Not many people

After becoming a leader, there is a choice you have to make.

As you are in the middle, many think the choice is between siding with management and siding with your team. But the truth is, the two sides are not at war. And a huge part of your responsibilities as a leader is to not act as if they were.

The tension is instead between you and your team.

Every request from the people you lead will cut into your time, energy, and focus. You will not be able to do what you were doing before, what you were good at before. They will ask, demand, pretend, guess, second guess, and ask some more. They will push you to do things you are not used to. They will force you to have conversations you would normally avoid. They will expect that you raise above yourself, often without any guidance, and act as the leader you are paid to be.

And so the choice is between being who you are and being who your team wants and needs you to be.

Not many people are willing to let go – of their ideas, of their ways, of their habits, of their responsibilites, of their work, of their ego.

Not many people are good leaders.

Winners

We read of winners, and somehow we convince ourselves that if we will apply the same tactics we will be winners too.

Of course, those tactics have been used by a countless number of people, in a countless number of situations, and they did not work. We just do not hear about that.

Success is fascinating. Not only because it puts us under the spotlight, but also because it makes others blind to the sweat, stains, and tears that have put us there. There is no magic recipe. Just a story that we craft among immense difficulties and that often gives us back much less than we expected.

Enjoy the journey. It’s the only way.

A practice of research

What you create is not going to be consumed the way you thought it would.

There is no education. There is no explaining. There is no walkthrough. The only way you address this is by committing to a practice of research.

Ask.

Listen.

Aggregate.

Adjust.

Ask.

Listen.

Aggregate.

Adjust.

It might be that at some point what you create is no longer what you want to create.

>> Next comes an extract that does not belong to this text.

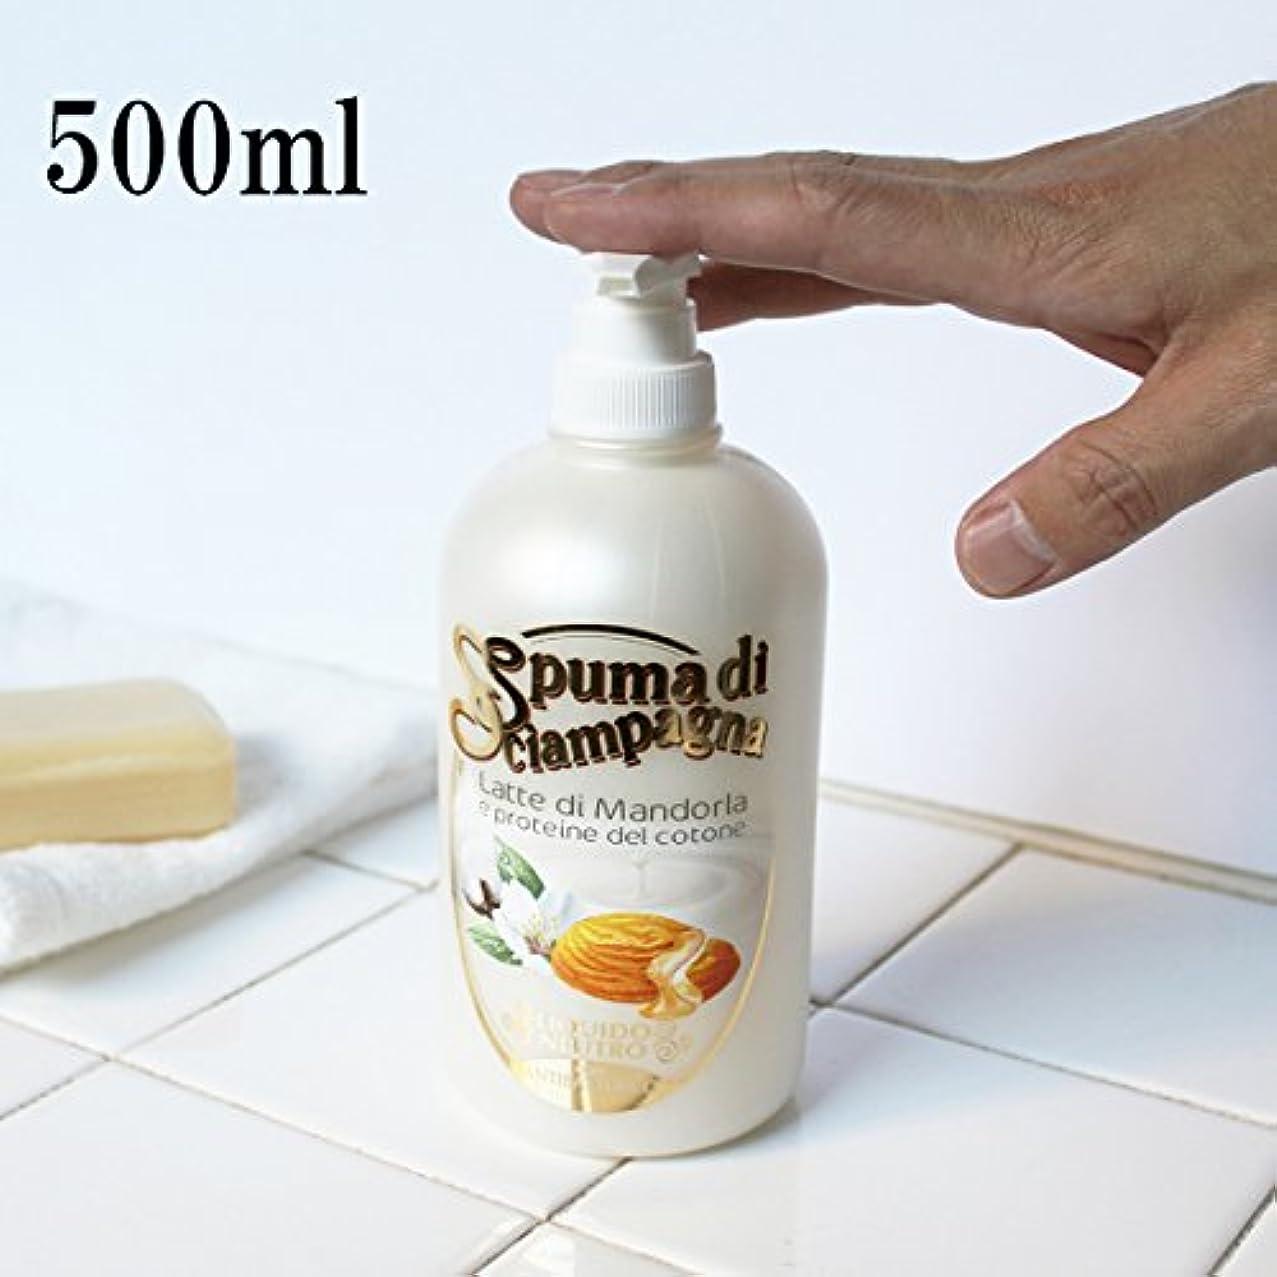 暴露する君主撤退Spuma di Sciampagna (スプーマ ディ シャンパーニャ) リキッドソープ 500ml アーモンドの香り

It is not likely, but it is a possibility.

In that case, move a step away and start over.

Ask.

Listen.

Aggregate.

Adjust.

The dumber marketer

Is being dumb giving you an edge in marketing?

I am not talking about a lack of intelligence, but rather of a genuine, näive ignorance around topics you probably can never be very sure about.

Why is this campaign working?

What do you mean by that word you are using so frequently in your copy?

What is our ideal customer? Where do they hang out? What do they care about?

Why is this blog post performing way above average?

Do our visitors approach our resources in terms of “case studies”, “videos”, and “whitepaper”, or are they seeking information about what type of customer, what use cases, what pain points?

Are we expressing our product this way because it is comfortable for us or because it makes sense to our target customers?

I am not sold on the idea that being certain and confident is a good thing in marketing. What worked yesterday, what is working today, will probably not work tomorrow. What worked for that campaign, will probably not work this time. What worked in one company, will probably not work in the new one.

So, is the dumber marketer the one who is going to ask those questions?

Meeting checklist

I don’t know how many people I have heard at different levels of any given organization complaining about meetings. And I don’t know how it is possible that despite this we are spending between 20 and 50% of our working time in meetings.

A study by Mroz et al. features a very useful checklist to make the best out of meetings – thanks to Ethan Mollick for sharing it.

Start with considering if the meeting is necessary or not – information sharing and updates are not valid reasons to have a meeting -, as well as who should be present – being a fly on the wall is a huge waste of time. Then have an agenda (and stick to it), avoid complaining (as in nothing ever works or this issue cannot be fixed), and follow up with a request for feedback, from which you commit to take ideas to improve future meetings.

We all want to get better at meetings. Who is taking the first step?